A varios metros, Aoshi estaba aguantándose las ganas de ir a espiar de nuevo.

 

–Vamos, sólo una mirada ¿Acaso no me vas a apoyar, Tetsuo? Te recuerdo que tu “Marla Winslow-sama” está por allá – trató de persuadirle el castaño.

–Y con más motivo me niego. La figura de Marla Winslow-sama es sólo permitida para ojos dignos y lentes de cámaras de revistas exclusivas de moda. Y no voy a dejar que piense que soy un pervertido más – dijo Tetsuo, negándose rotundamente a unirse a su mejor amigo.

–Y debo secundar a Tetsuo-kun en esto, Aoshi-kun – respondió Ryo – No quiero volver a molestar a Reika-chan.

–Los dos son un par de cobardes – refunfuñó Aoshi – Hacerlo solo no es divertido… Hablando de “solo” ¿Adónde fue Kenji?

–Dijo que se quedaba un rato más por el lago – respondió Mizuki distraídamente.

 

* * *

 

Aún frente al lago, Kenji seguía lanzando la pelota hacia el aro, mientras Goro lo observaba con la poca luz de la lámpara de gas.

 

–Me alegra que estés mejor. Veo que ya te recuperaste de tus heridas – comentó Kenji mientras lanzaba otra vez la pelota. Había fallado por quinta vez.
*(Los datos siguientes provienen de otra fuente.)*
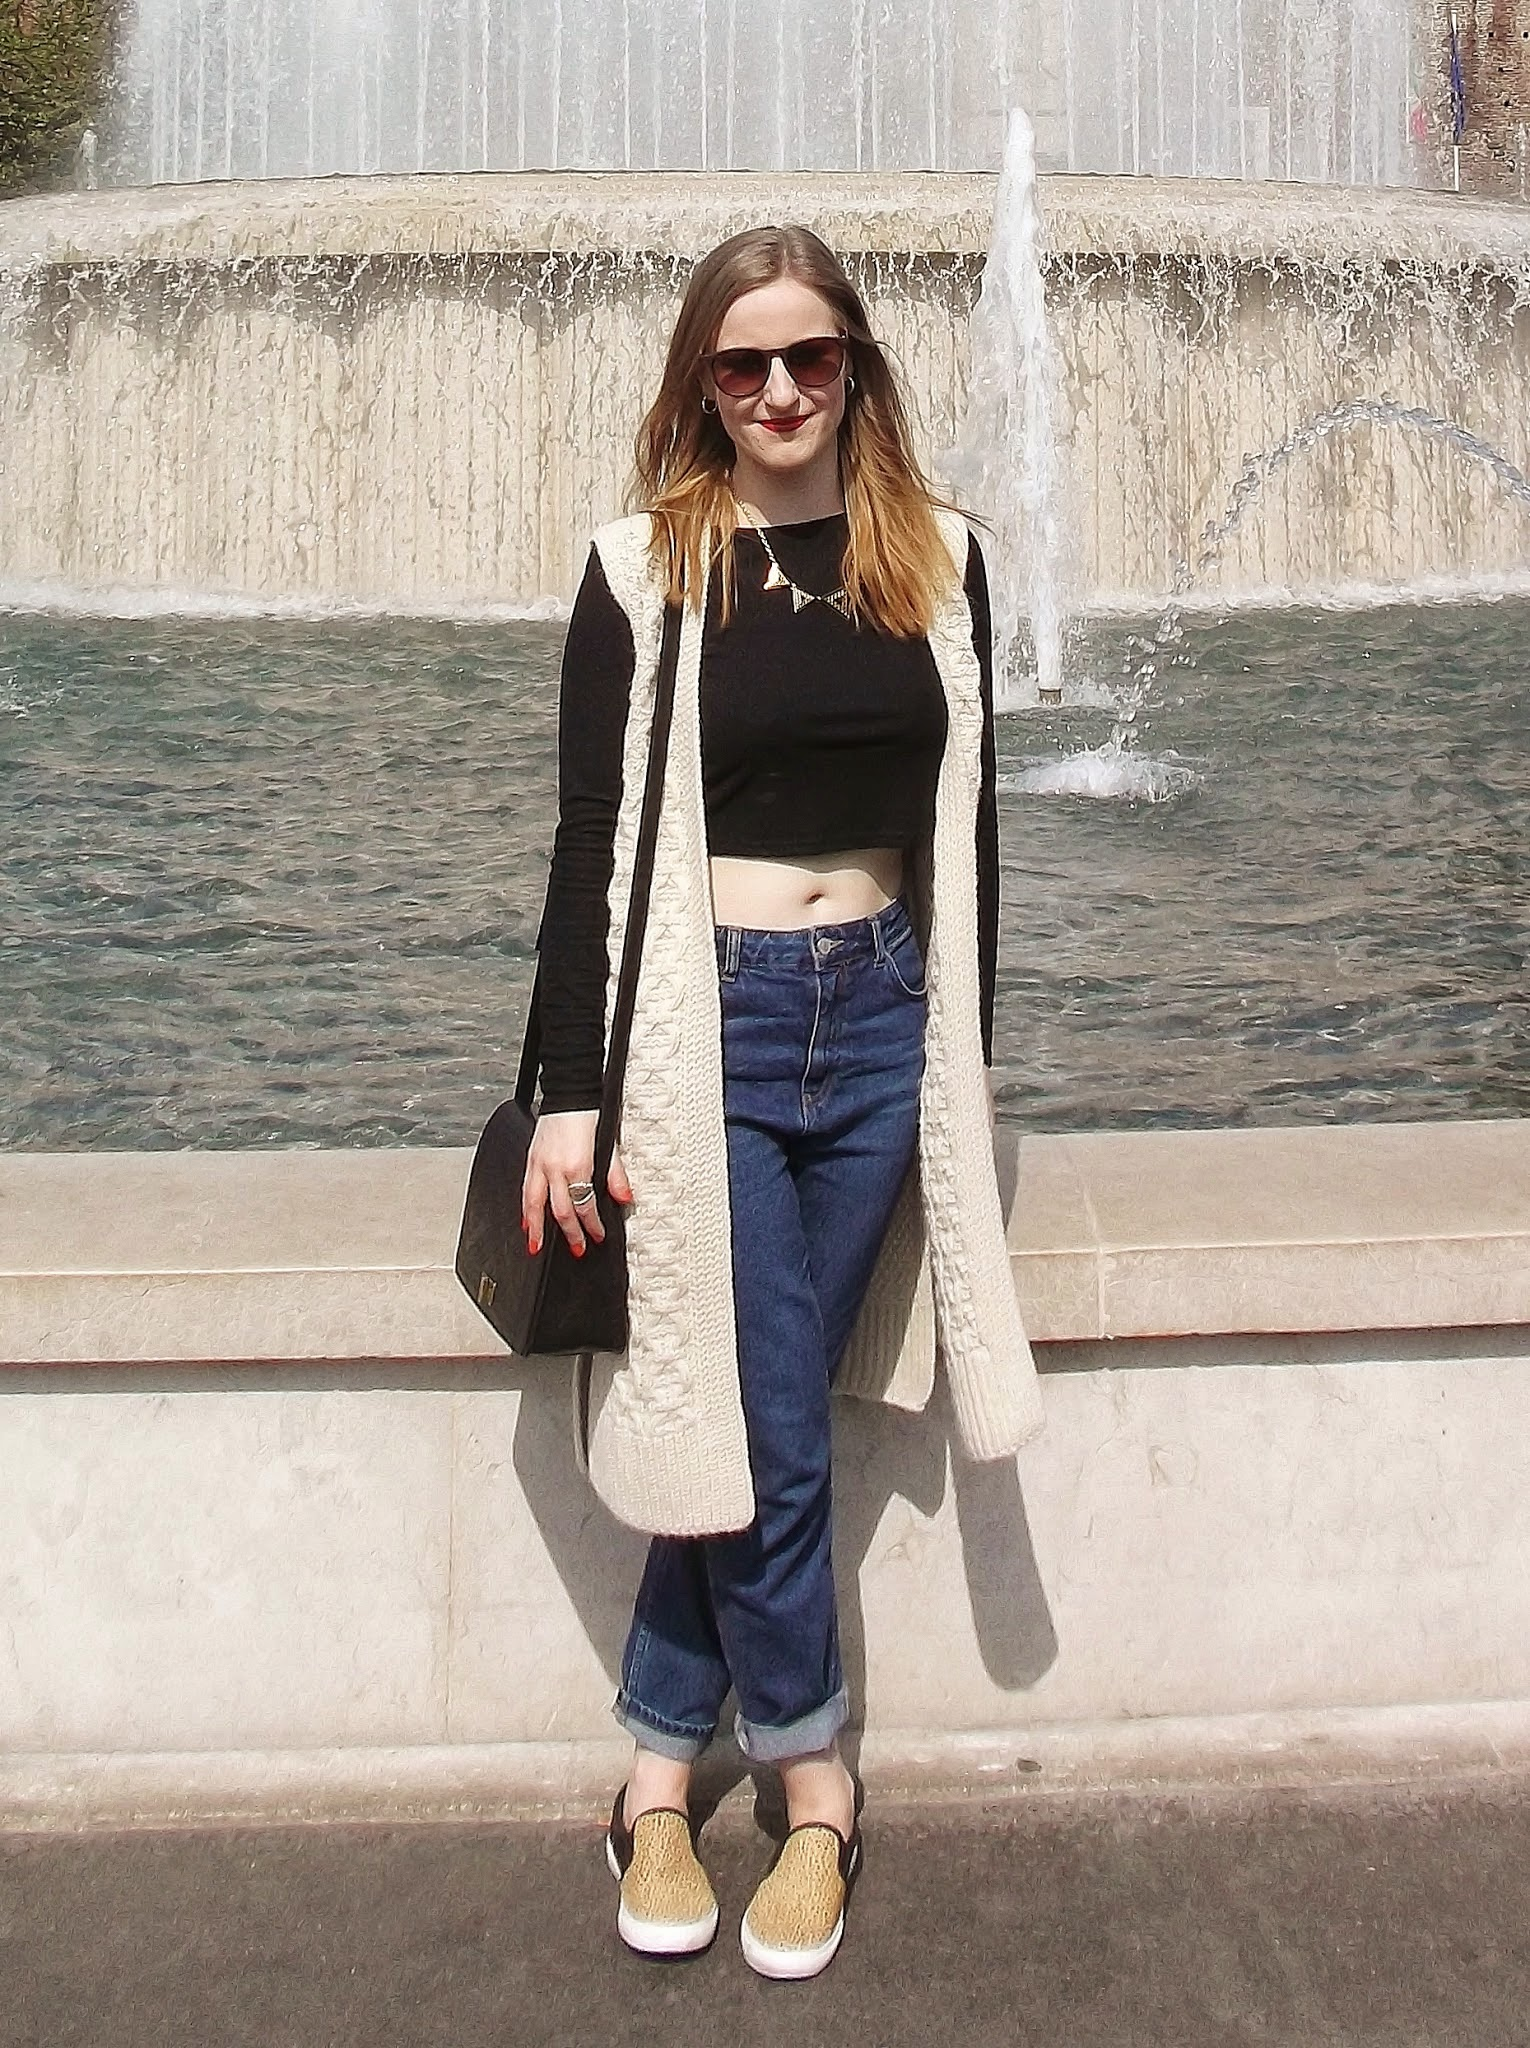 outfit: black long sleeved crop top, sleeveless cream cardigan, dark blue mum fit jeans, leopard print pumps
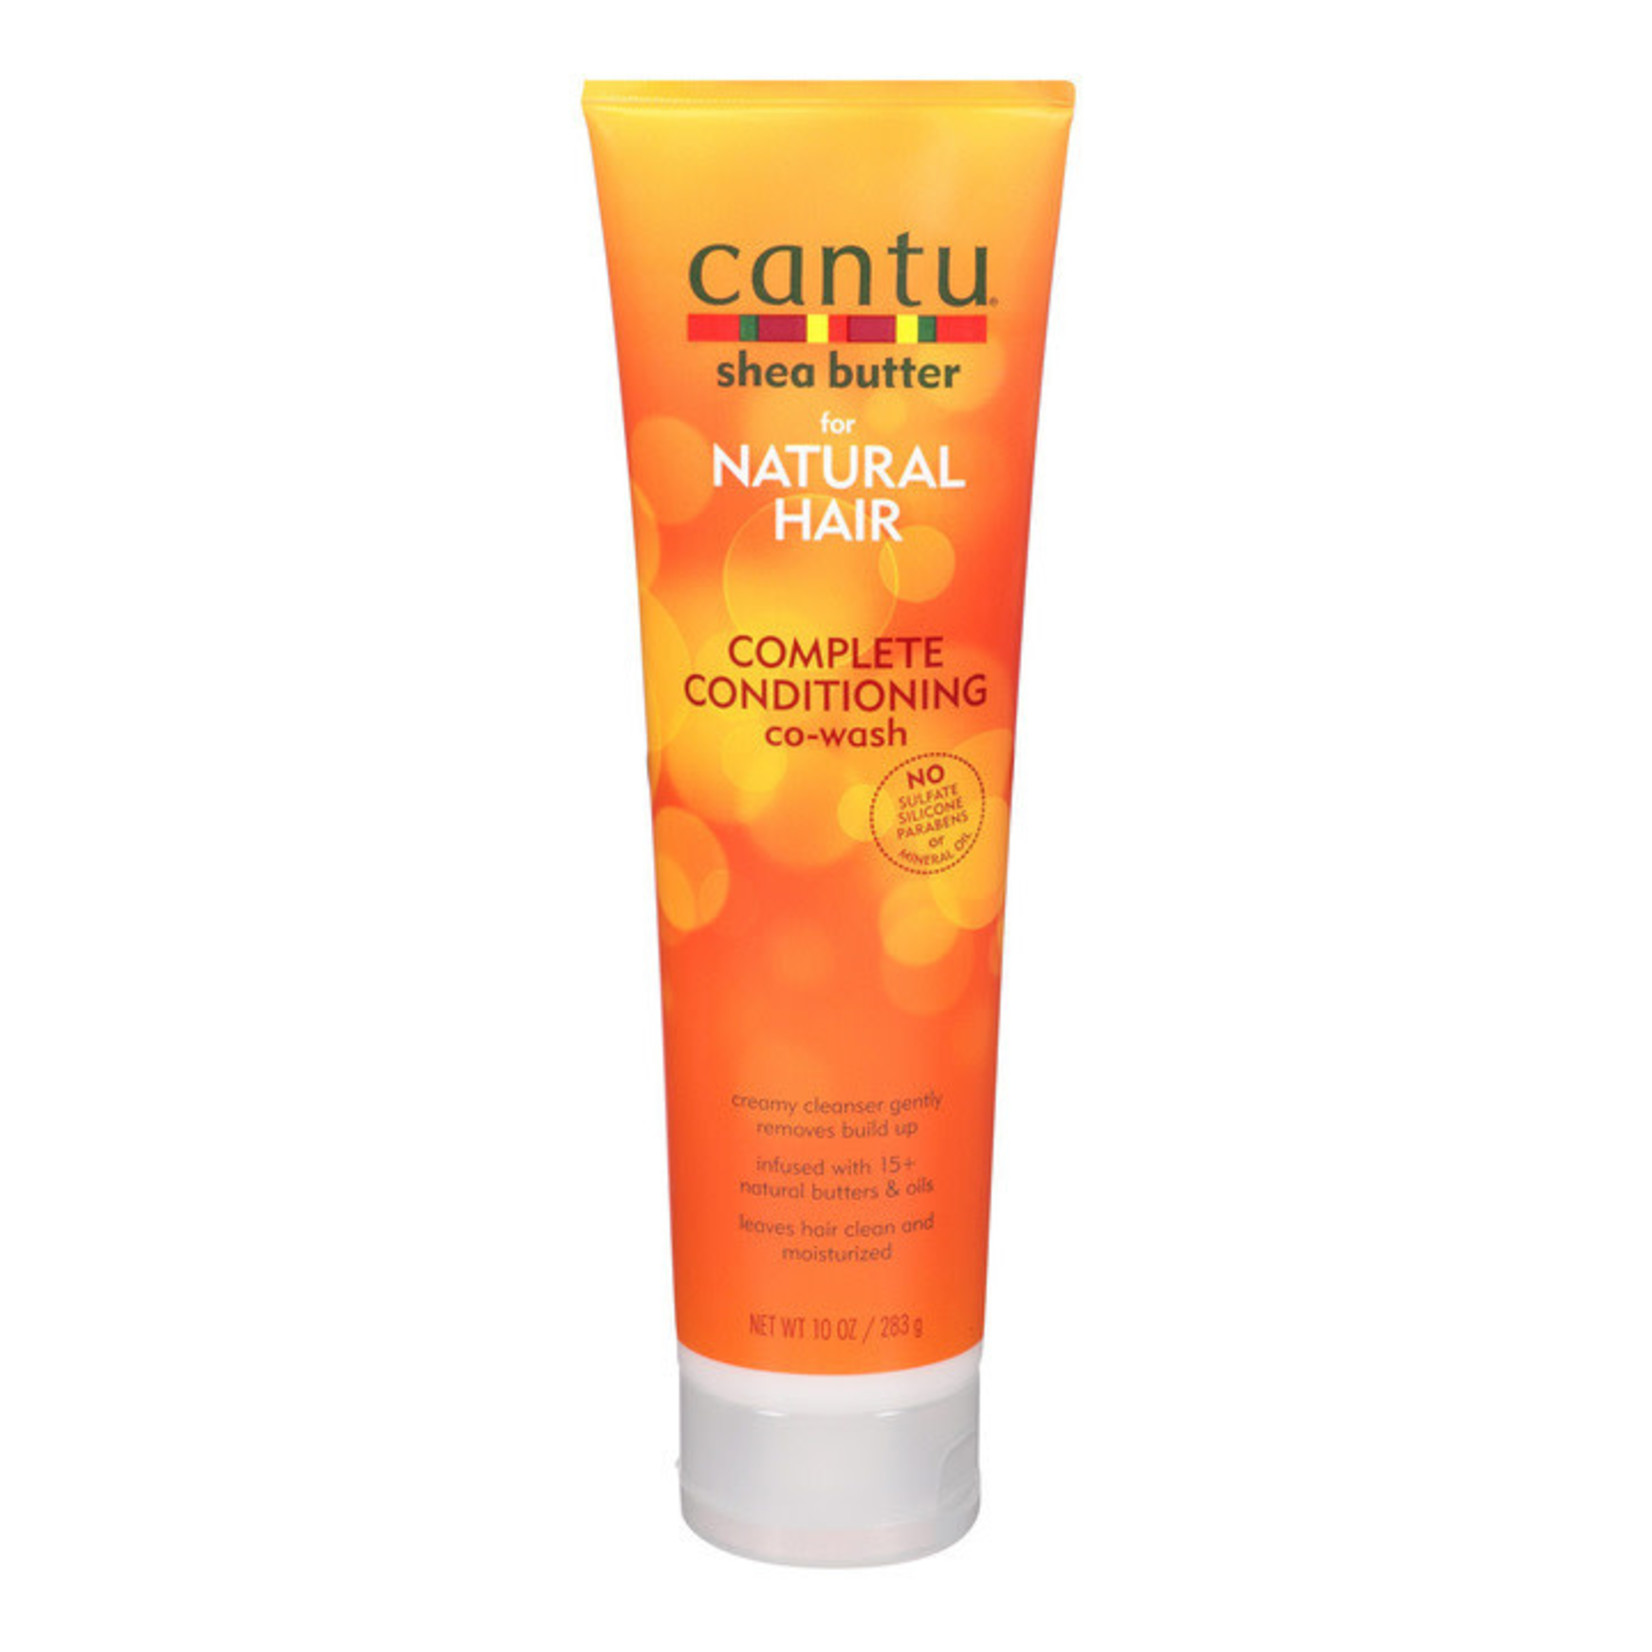 CANTU CANTU NATURAL HAIR CONDITIONING CO-WASH [10OZ]

–No tenía nada grave ¿Cuánto mejoraste tú?

–Creo que algo considerable… Aunque el entrenamiento no resuelve nada sobre mis visiones – cuando Kenji falló de nuevo la canasta, le pasó el balón a Goro, el cual lo atrapó por reacción – ¿Un partido de quinela ?

–¿Cómo se juega eso?

–¿Qué? ¿Nunca has jugado quinela en la escuela?

–No fui a una escuela. Tuve tutores a partir del sexto grado – contestó mirando hacia el suelo.

–Entonces es buen momento para que aprendas.

 

Después de explicarle las reglas, Goro tuvo el turno para encestar, pero también falló la canasta.

 

–No está mal. Casi la anotas a la primera – sonrió Kenji, atrapando la pelota antes de que diera su segundo rebote.

–Ya veremos para las siguientes. Tú también tienes mucho en qué trabajar.

–Basketball nunca fue mi fuerte porque soy muy bajito para integrar algún equipo – Kenji lanzó, pero también falló. Goro la atrapó.

–Tu rival va a ser muy fuerte. Confío en que al menos vas a sobrevivir – finalmente Goro logró anotar y se preparó para hacer otro tiro.

–Eso es muy alentador de tu parte – respondió sarcásticamente, pero sin dejar de estar alegre.

 

Cuando Goro falló ese tiro, Kenji la atrapó en el aire, dando un gran salto.

 

–¡Yo seré quien saldrá adelante! – gritó mientras encestaba en el aire y se colgaba del aro.

 


Yukamochi: Dulce japonés hecho de patatas dulces.

Ganbatte kudasai: Significa en japonés “Por favor, haga su mejor esfuerzo”

Arigatou gozaimasu: Muchas gracias.

Warui naa, Warui naa: “Qué mal, qué mal”

Quinela: Se juega con un mínimo de dos personas a encestar hasta que uno llegue a 15 puntos. Al que le toca el siguiente lanzamiento, deberá atrapar la pelota después del tiro fallido antes del segundo rebote y lanzar desde donde la interceptó. Si al que le toca no logra atraparla después de un rebote, debe saltar el turno. Si encesta, el jugador tiene derecho a otro tiro libre.